Work to be completed: Within the records that follow, restate exactly the lines from the line with "7ab7e5229dfc64 Amazon.com : Black" down to the line with "Revlon - Love is On Eau de toilette", including both. Omit the pictures.

Dataset excerpts:

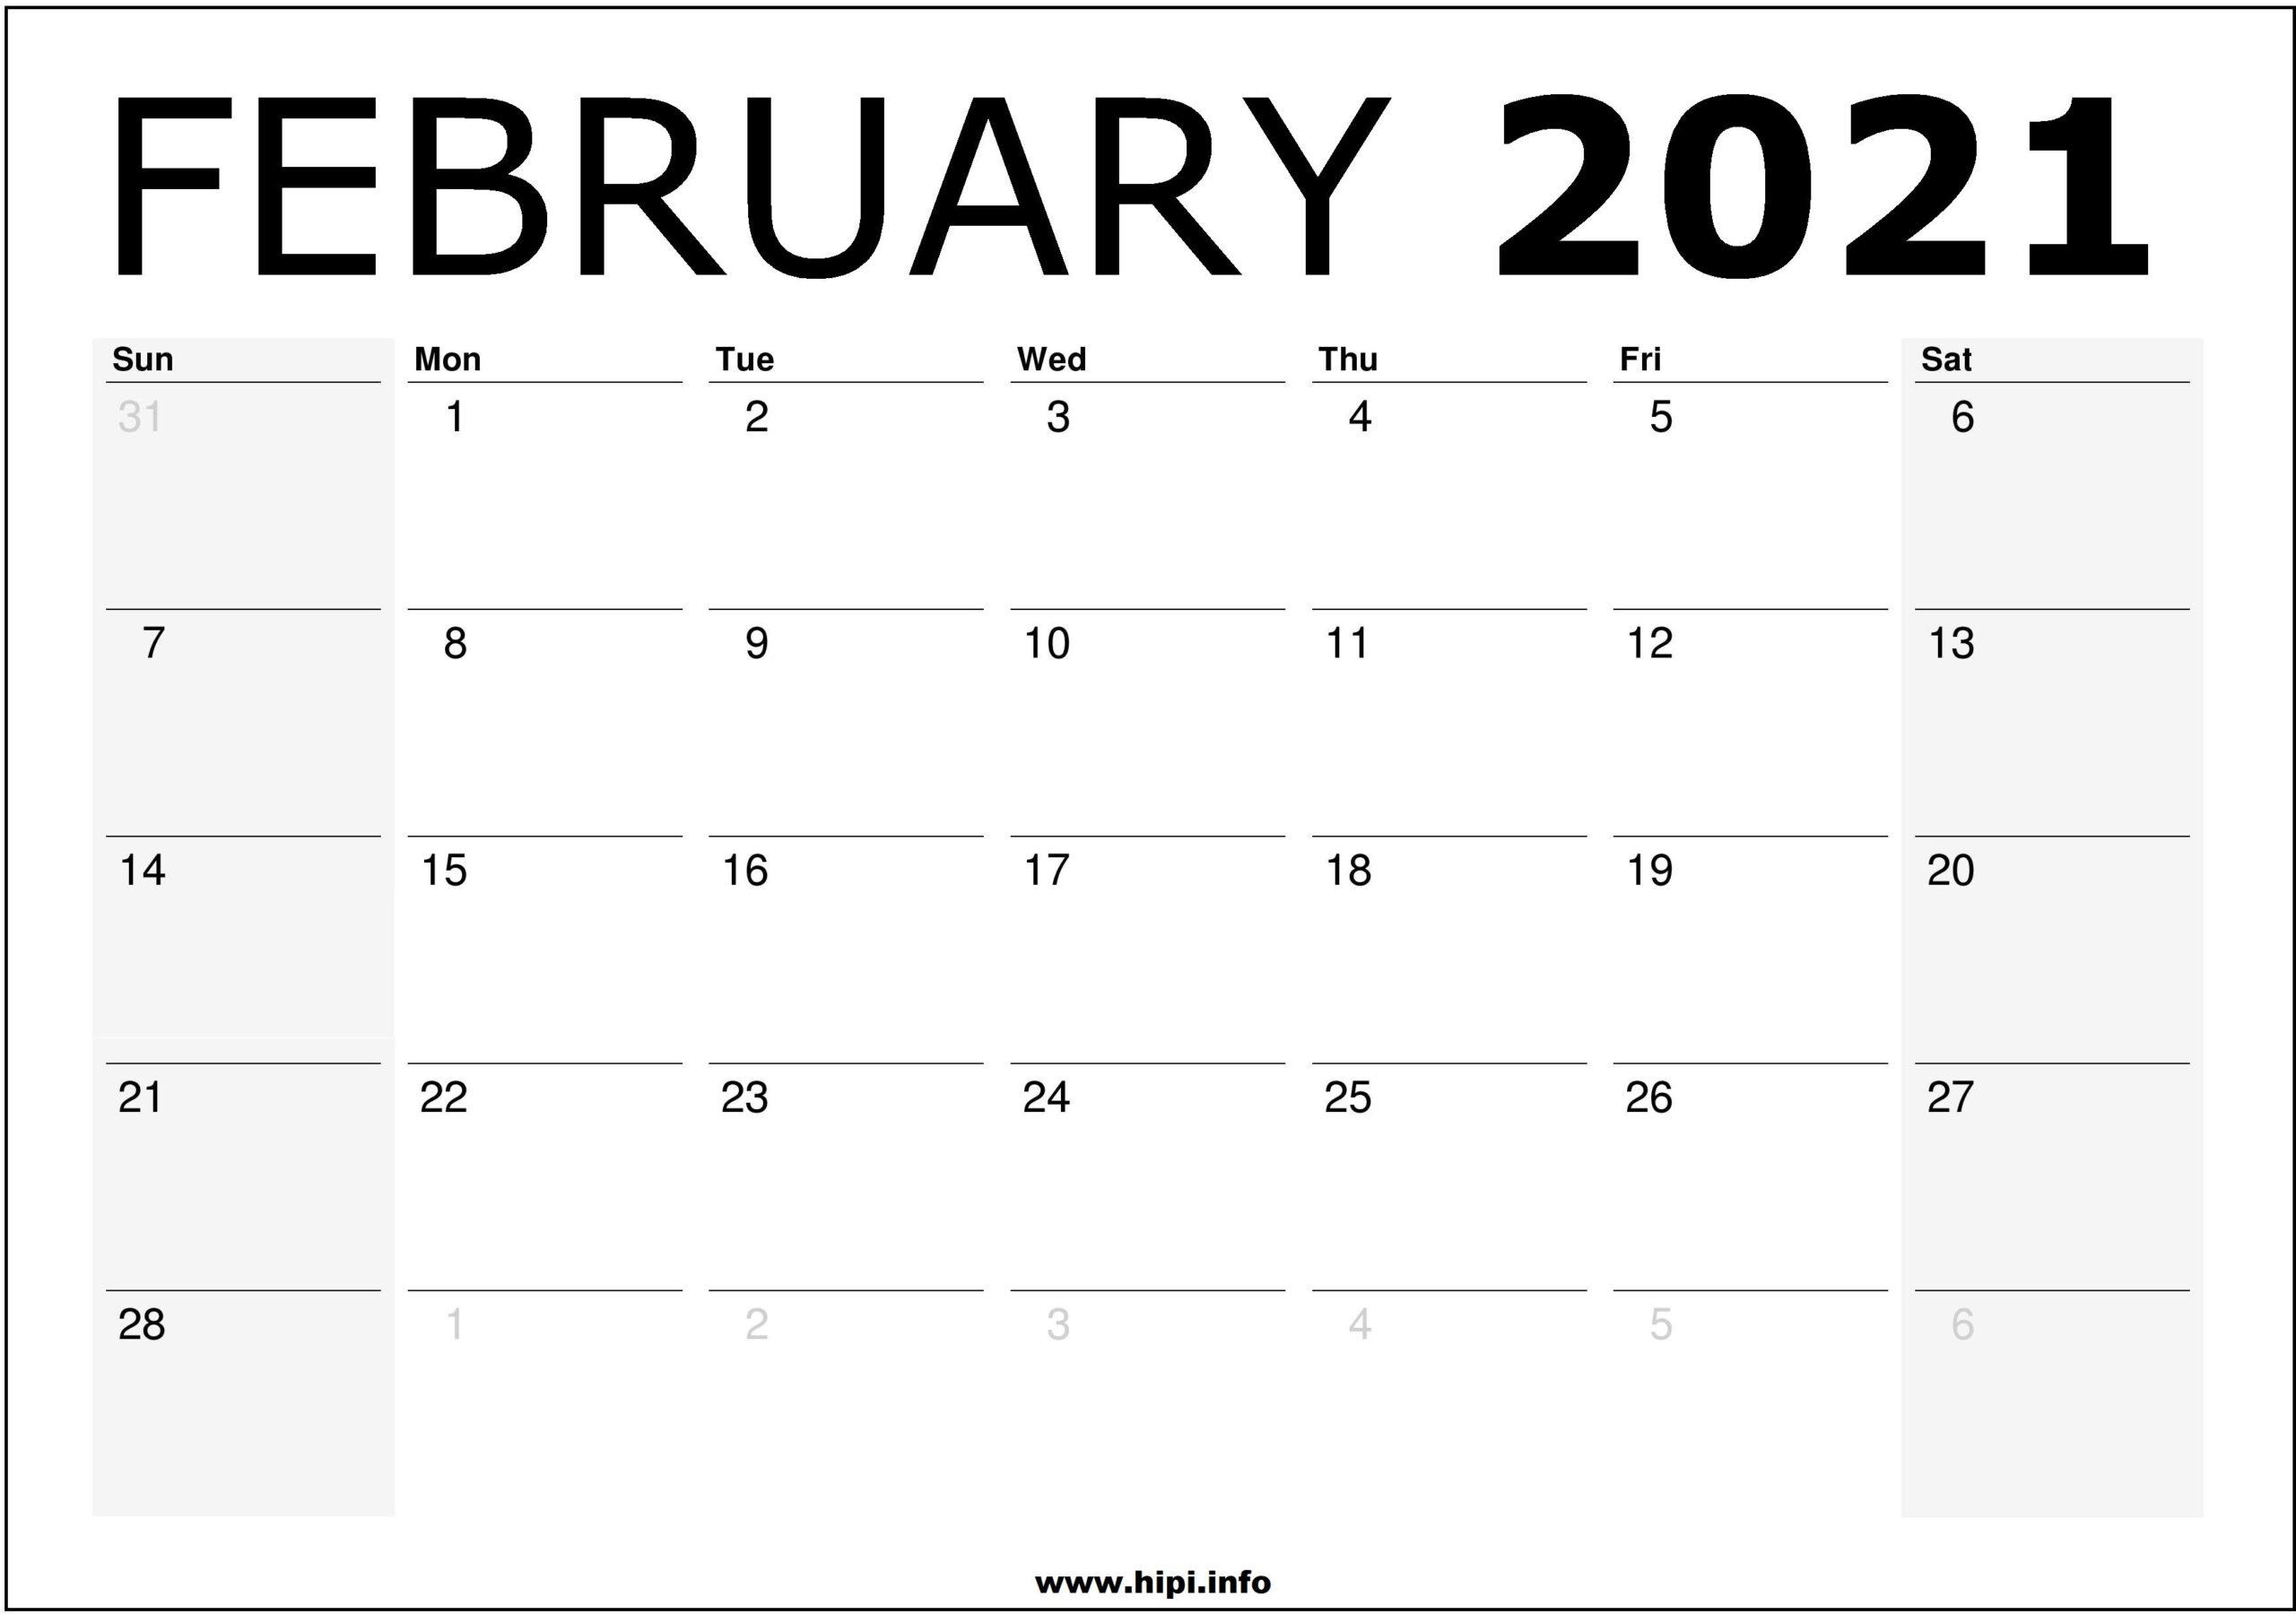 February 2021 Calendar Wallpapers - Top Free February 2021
--
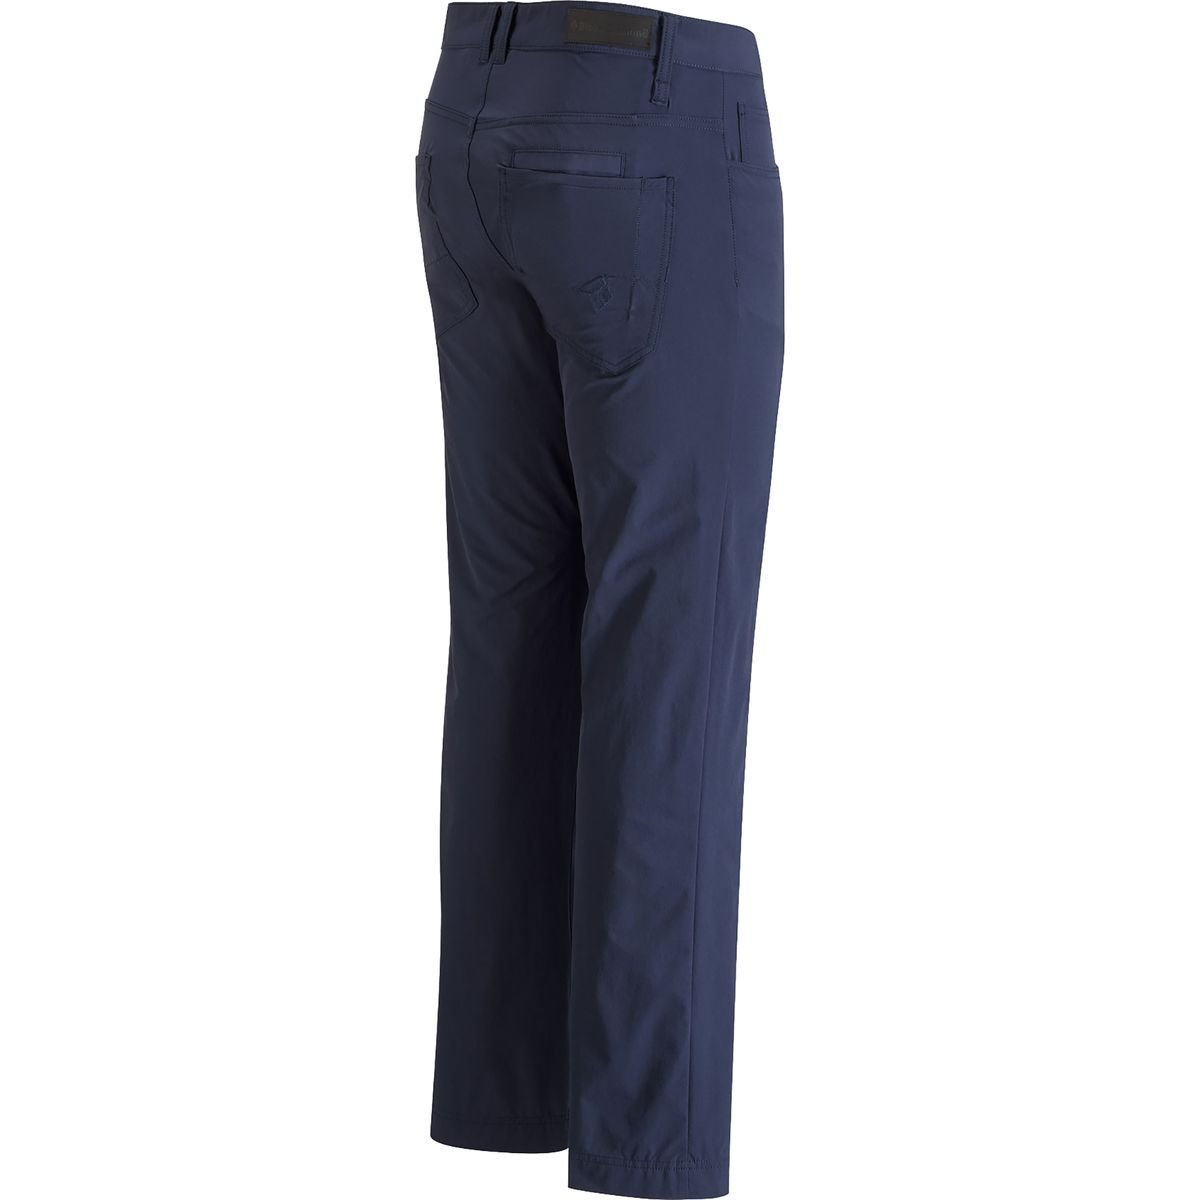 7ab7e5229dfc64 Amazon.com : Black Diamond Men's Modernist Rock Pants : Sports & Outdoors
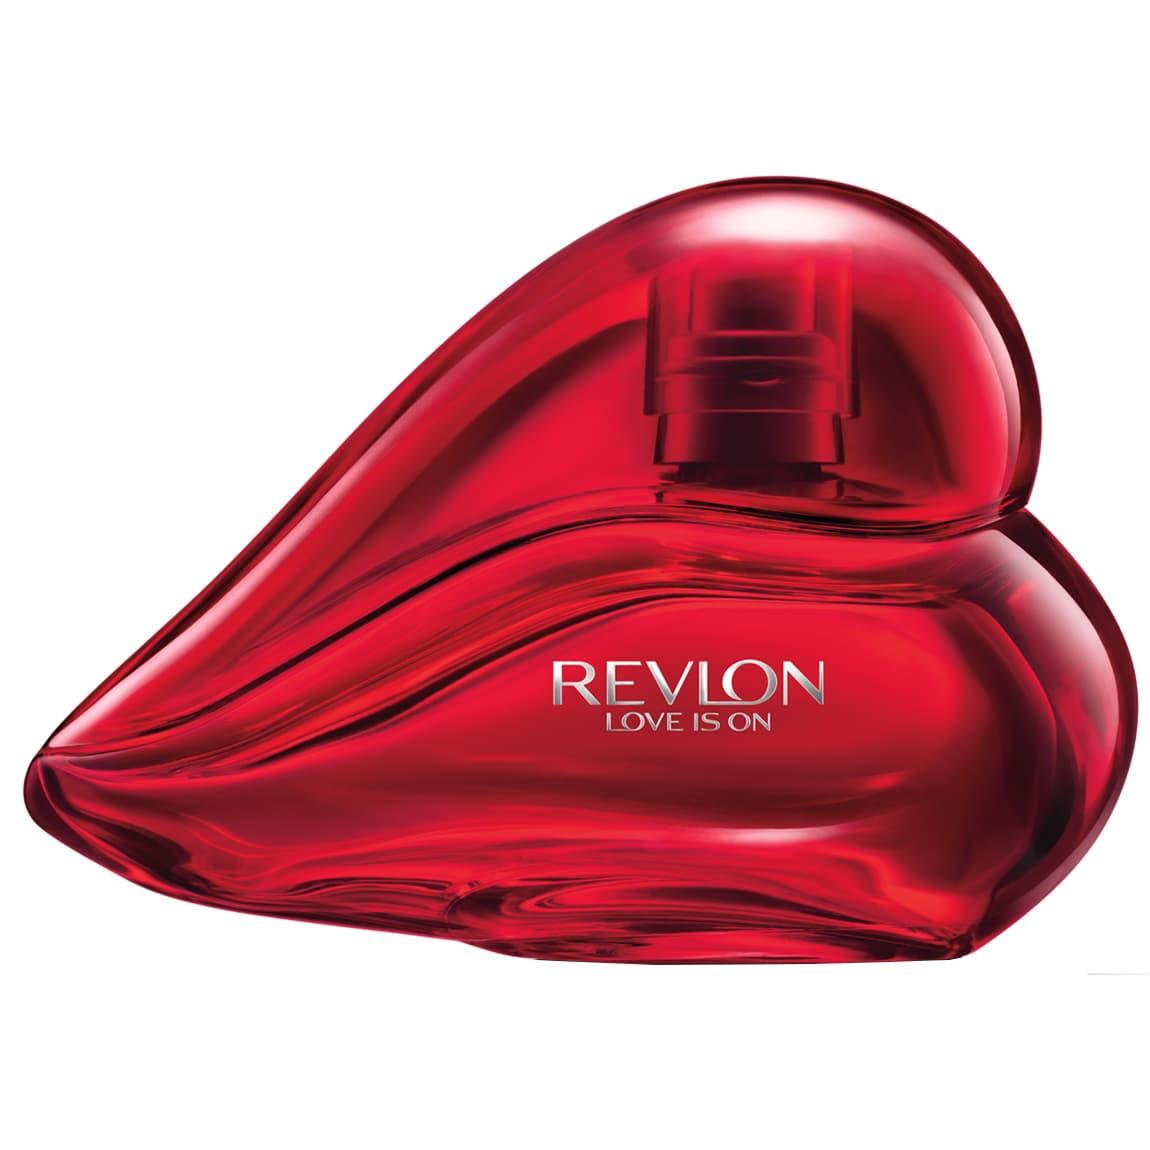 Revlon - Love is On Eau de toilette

Response:
 7ab7e5229dfc64 Amazon.com : Black Diamond Men's Modernist Rock Pants : Sports & Outdoors
 Revlon - Love is On Eau de toilette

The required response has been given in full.